A male Labord’s chameleon. (Credit: Ken Preston-Mafham/PREMAPHOTOS/

At the time of Karsten’s observations, not much was known about the life history of Labord’s chameleons. Since his initial observations, more than 400 individuals have been studied over a period of five field seasons and scientists now know much more about the species’ remarkable life history.

Shortest Lifespan, Fastest Growth Rate

Because of its short life span outside of the egg, it is imperative that the chameleon matures quickly–and that it does. Labord’s chameleons have the fastest growth rates of any tetrapod species. After hatching during Madagascar’s wet season in November, the chameleons grow at a rate of up to 2.6 mm (0.1 inches) per day. In fact, in less than two months, the chameleons increase in body size by 300-400 percent. To put that another way, if a human grew at the same rate, an infant that was 51 cm (20 inches) at birth would grow to a height of 1.5 meters (five ft.) over a period of only two months.

After reaching maturity, the chameleon population reproduces. Females dig burrows in the desert sand and bury their eggs about 138 mm (5.4 inches) below the surface.
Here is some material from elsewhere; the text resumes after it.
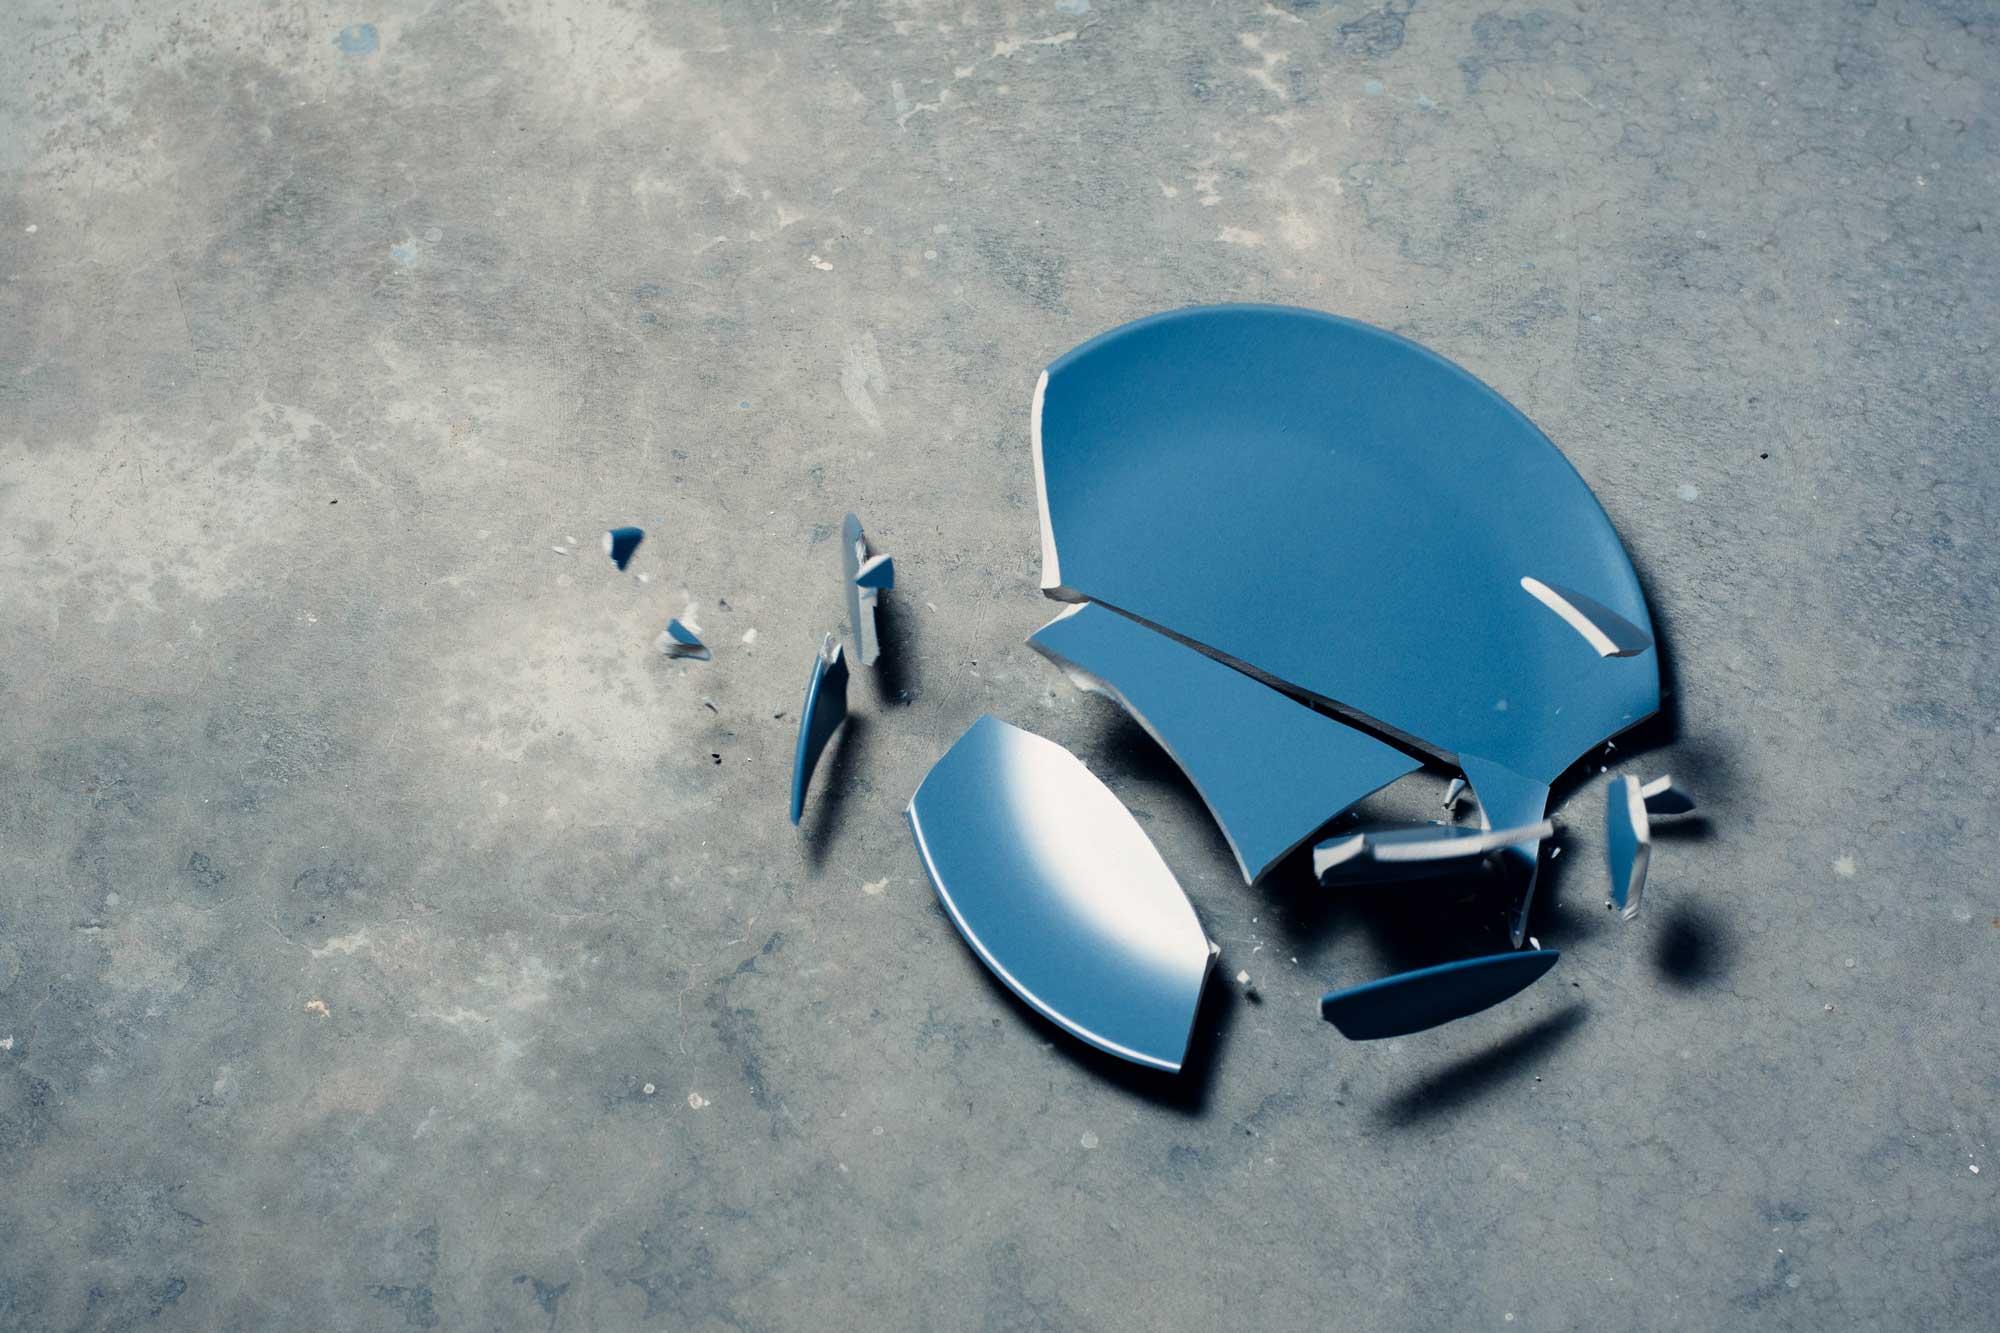 broken blue plate on concrete ground

Following reproduction, all of the adult chameleons die. Meanwhile, the developing chameleons remain in their eggs underground for eight to nine months, where they wait out the dry season.

A female Labord’s chameleon. (Credit: PREMAPHOTOS/

Ecological Constraints

So what accounts for such an unusual life history? Scientists point to several factors that may have led the species to evolve such a short lifespan. One factor is size–Labord’s chameleons are the smallest of its genus. Perhaps due to their size, the chameleons are a favorite snack of desert predators such as birds and snakes. A second factor is climate. The southwestern Madagascar desert climate where the chameleons live is harsh and unpredictable. In addition, the rainy season is short, which further limits the amount of time the chameleons have to grow and reproduce.

Questionable Future

Though scientists have learned a lot about Labord’s chameleons, many questions remain. While the short lifespan of the Labords chameleon lets it successfully survive the constraints of its ecology, scientists wonder how long-term changes in the climate–or even a short-term event like a longer-than-normal dry season–might affect the species.